▶ _WHAT IS EXPECTED_
All the data that follows should be repeated exactly, without a single picture.

▶ _EXERCISE DATA_

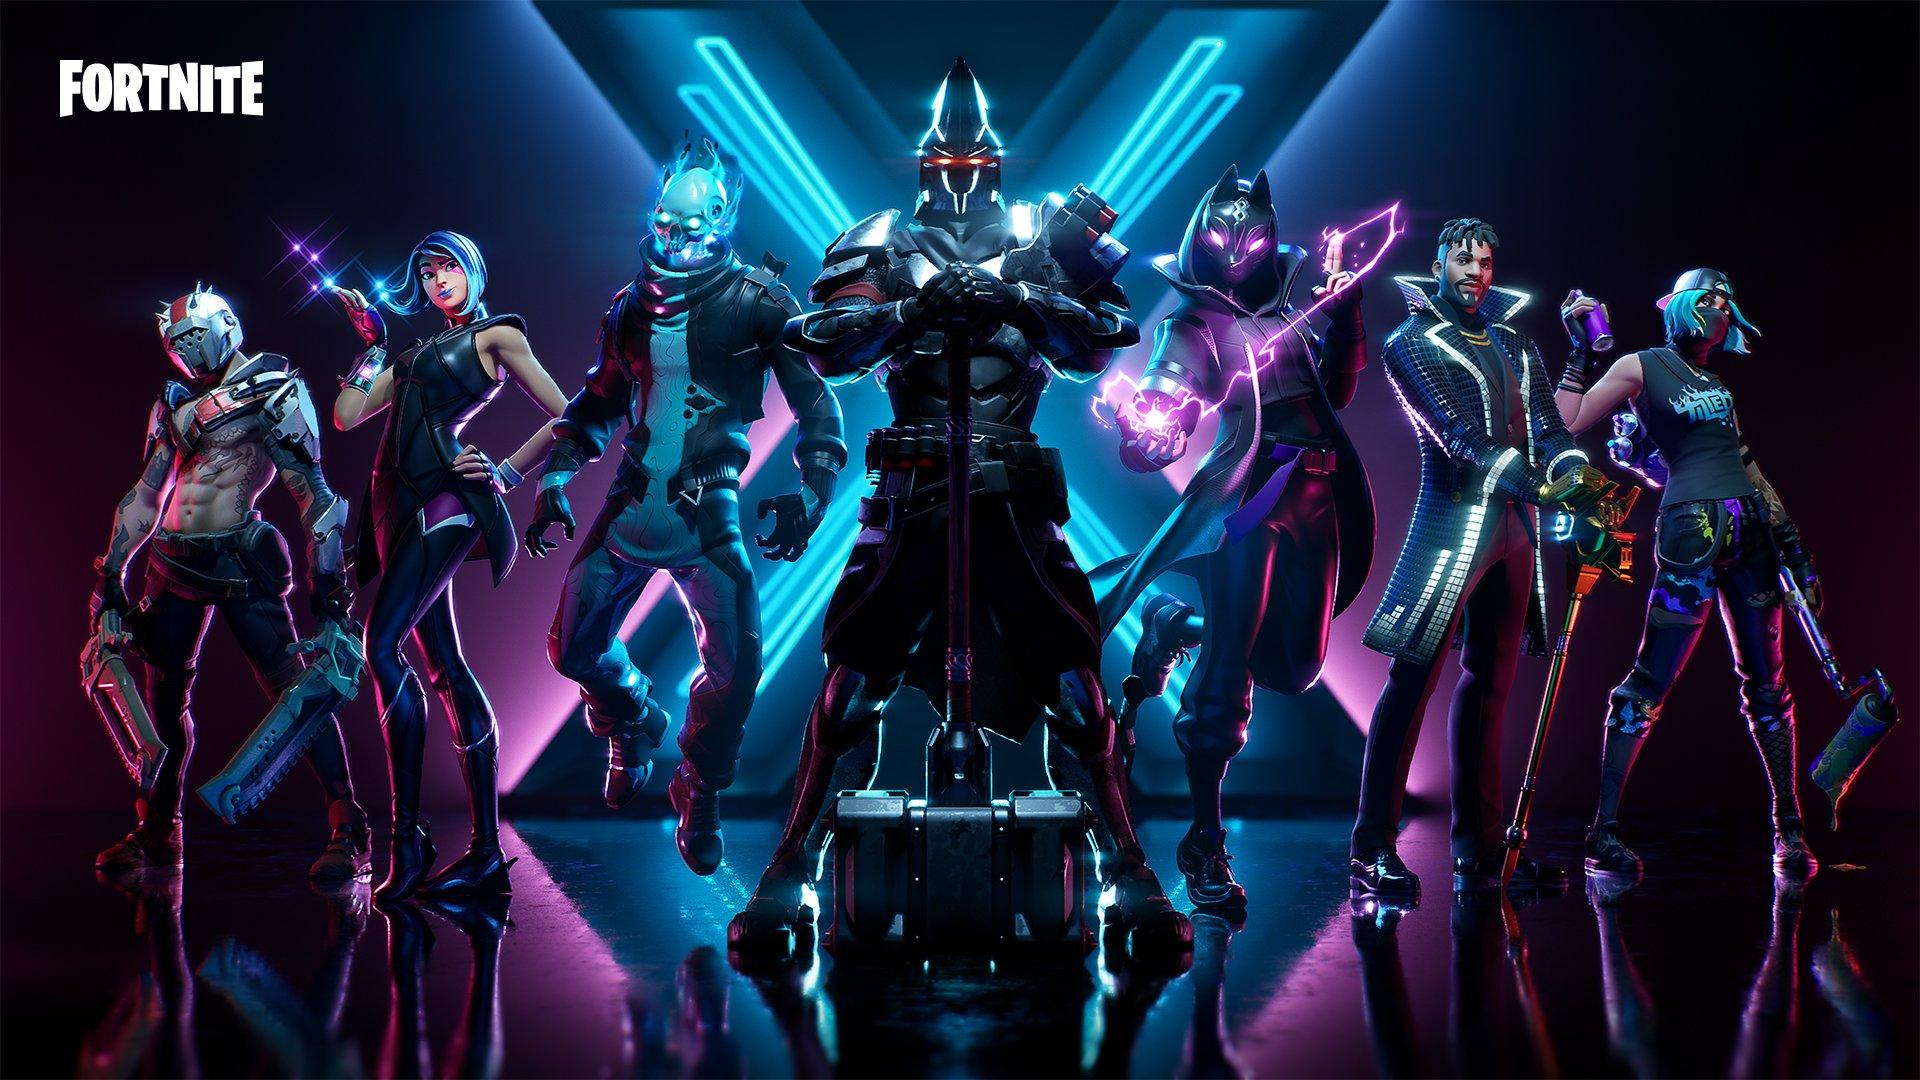 دانلود بازی Fortnite Season X v10.20 برای PC
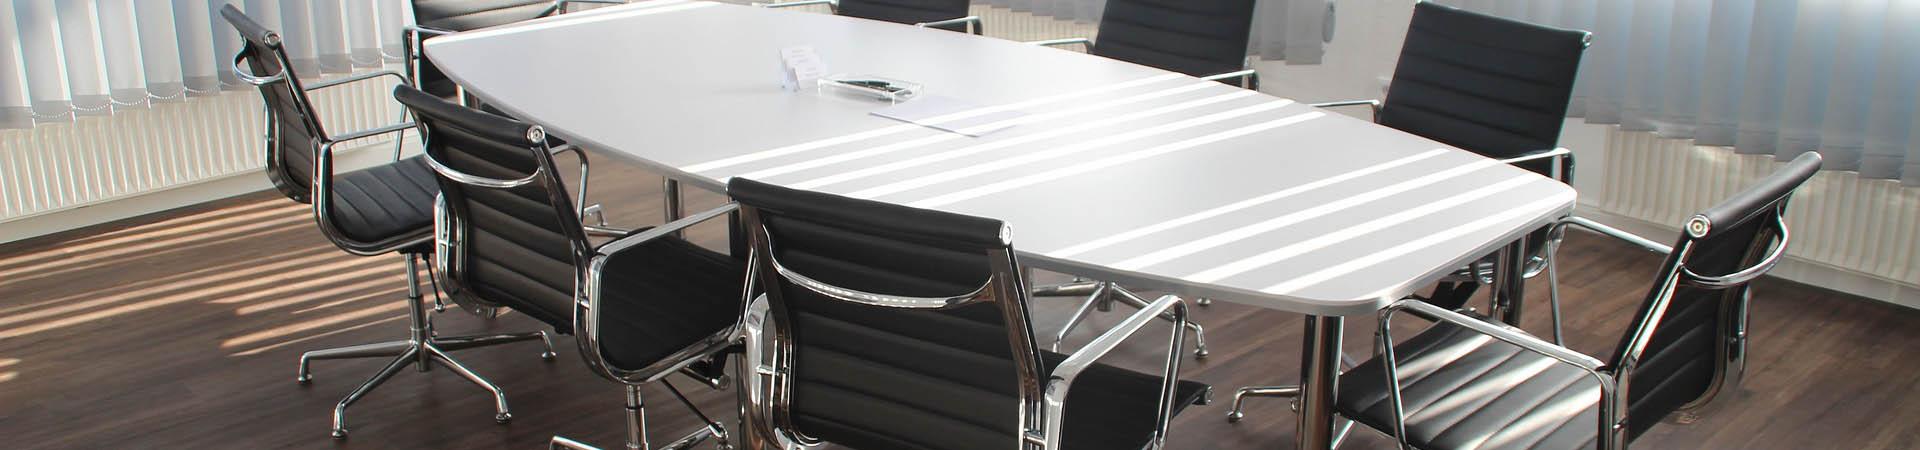 Assicurazione Professionisti (Avvocati, Geometri, Commercialisti...)
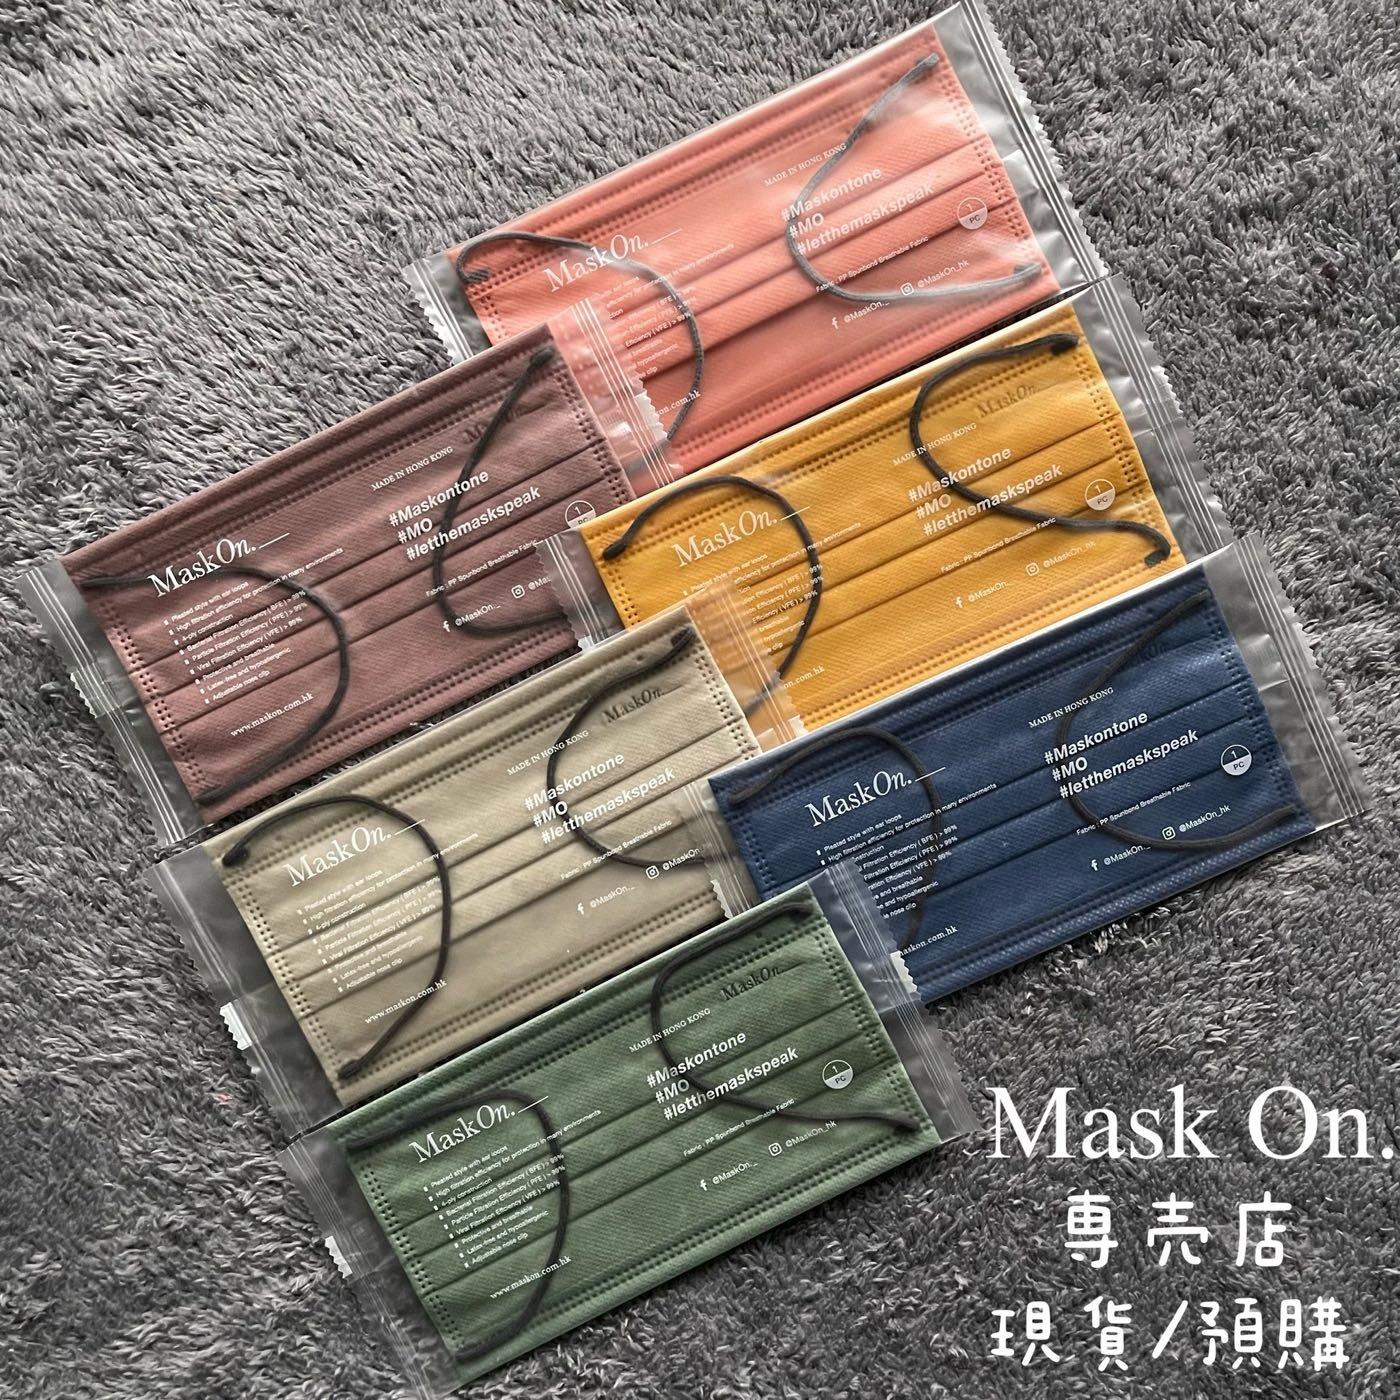 預購 香港 MaskOn 口罩 莫蘭迪配色(賣場還有 中衛 聯名 可選購)灰色 軍綠色 奶茶色 裸色 深藍色 黃色 橘色 丹寧 牛仔 MASK ON
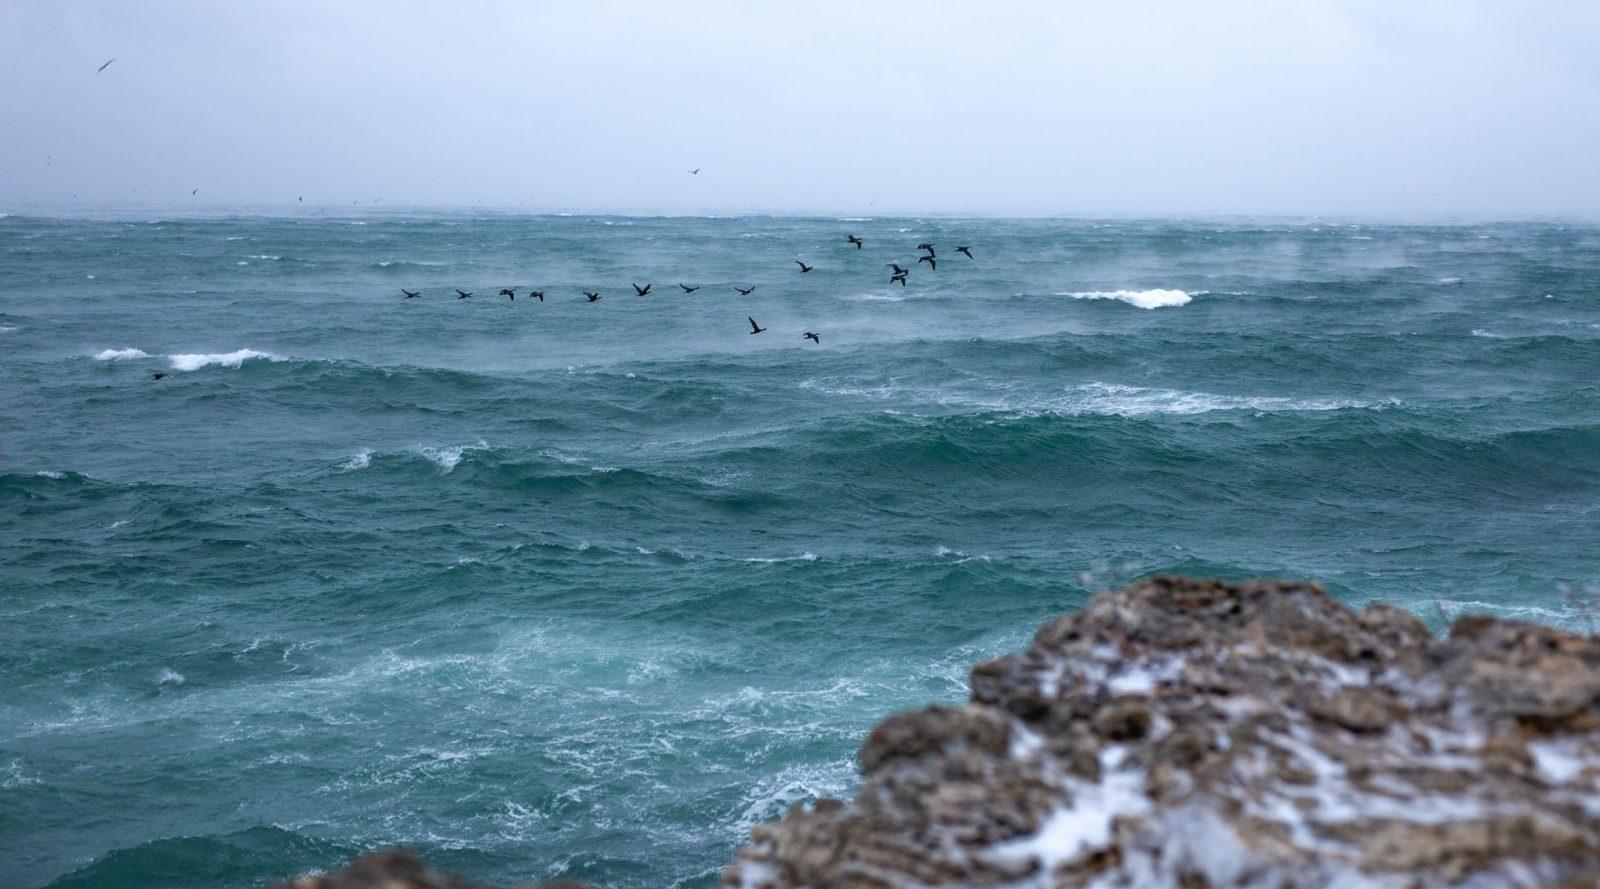 Vågor på havet med fåglar som flyger

▶ _TASK RESPONSE_
 دانلود بازی Fortnite Season X v10.20 برای PC
 Assicurazione Professionisti (Avvocati, Geometri, Commercialisti...)
 預購 香港 MaskOn 口罩 莫蘭迪配色(賣場還有 中衛 聯名 可選購)灰色 軍綠色 奶茶色 裸色 深藍色 黃色 橘色 丹寧 牛仔 MASK ON
 Vågor på havet med fåglar som flyger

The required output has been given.